Maury Pasquier Liliane · Ständerat · 2011-09-29
Maury Pasquier Liliane · Ständerat · Genf · Sozialdemokratische Fraktion · 2011-09-29
Wortprotokoll
La motion dont nous discutons maintenant pose une question centrale: un design inadéquat des emballages des médicaments peut-il induire un risque pour les patients? La réponse est malheureusement très souvent positive. Il est bien connu que l'utilisation des médicaments, dans les hôpitaux notamment, mais aussi dans leur utilisation en général, constitue un processus complexe. De nombreuses études de haute qualité montrent que ce problème est de la plus grande importance. De nombreux facteurs peuvent conduire à des événements indésirables, voire au décès du patient. Des actions sont bien évidemment mises en oeuvre par les professionnels de la santé pour améliorer la sécurité d'utilisation des médicaments, mais il leur est impossible de modifier la conception des emballages des médicaments, qui est sous la responsabilité des fabricants.
Il est pourtant démontré que des problèmes de "sound alike" - des noms qui se ressemblent - et de "look alike" - des emballages qui se ressemblent - sont des facteurs favorisant la survenue d'erreurs humaines. Il est donc essentiel d'apporter un soutien aux professionnels de la santé qui doivent manipuler quotidiennement des produits au design parfois peu ergonomique, avec tous les risques supplémentaires que cela induit.

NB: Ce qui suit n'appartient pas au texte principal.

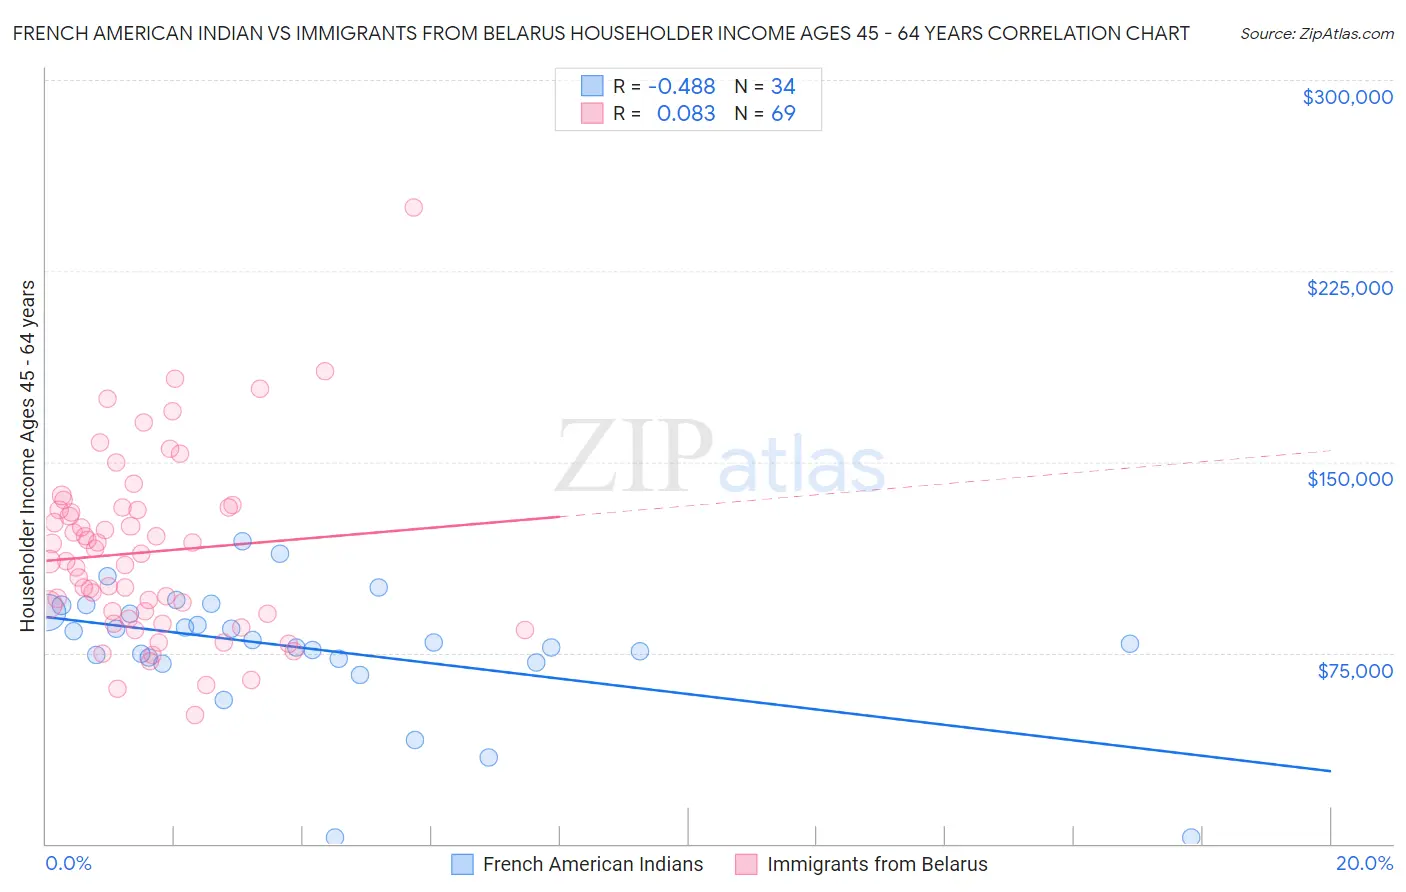 French American Indian vs Immigrants from Belarus Householder Income Ages 45 - 64 years

Dans d'autres industries à haut risque, comme le nucléaire, dont nous avons beaucoup parlé, il est connu de longue date que pour éviter des erreurs, il est important de bien différencier visuellement les différentes commandes, par exemple, les vannes d'ouverture des différents circuits. De la même manière, dans notre vie quotidienne, les robinets d'eau froide et ceux d'eau chaude ne sont-ils pas dotés d'une couleur différente pour éviter de les confondre? Pourquoi ne pas appliquer le même principe aux médicaments? En ce qui concerne les emballages des médicaments, les pharmaciens n'ont pas attendu le dépôt de la motion Heim pour agir. De concert avec les associations de l'industrie pharmaceutique et la Fondation pour la sécurité des patients et avec le soutien de Swissmedic, ils ont oeuvré à l'édition de recommandations pour diminuer le risque de commettre des erreurs. Un premier document a ainsi été publié en 2009, qui concerne le marquage des ampoules pour injection. Ce travail a connu un fort retentissement sur le plan international, notamment en raison de la collaboration entre les différents milieux concernés.
Depuis le dépôt de la motion Heim, le groupe de travail s'est remis au travail afin de réfléchir à des recommandations pouvant être mises en place dans ce domaine. Ce travail est complexe, car il n'existe malheureusement pas de solution miracle pour résoudre totalement ce problème, et il s'agit de trouver un juste équilibre entre des intérêts parfois divergents.
D'après ce que je sais, les travaux du groupe de travail ont bien avancé, dans un esprit de collaboration positif, mais l'annonce du rejet de la motion par notre commission a pour le moins surpris les différents acteurs représentés dans ce groupe, comme je l'ai moi-même été lors de cette séance. En effet, chacune des parties, y compris l'industrie pharmaceutique, considère qu'il est important de pouvoir disposer d'un soutien politique à la démarche en cours afin de renforcer sa légitimité.
Si le conseil décidait de revenir sur la décision de la commission, cela permettrait de donner un signal fort à cette démarche en reconnaissant l'importance du problème et la nécessité d'un travail commun entre les professionnels de la santé et l'industrie pharmaceutique.
Il est vrai qu'une réglementation trop stricte en la matière, qui introduirait une solution uniquement suisse avec de fortes contraintes techniques pour l'industrie, ferait courir le risque que celle-ci décide de renoncer à commercialiser certains médicaments dans notre pays. Mais ce n'est pas du tout là l'objet de la motion. Le Conseil fédéral dit lui-même que Swissmedic, l'Institut suisse des produits [PAGE 1026] thérapeutiques, respecte déjà la plupart des lignes directrices publiées par diverses instances publiques, que ce soit dans l'Union européenne, aux Etats-Unis ou au Canada notamment; il faut maintenant que ces lignes directrices soient consacrées par la législation.
En conclusion, la motion Heim nous permet aujourd'hui de répondre à une problématique importante de santé publique. Je vous invite donc à l'accepter.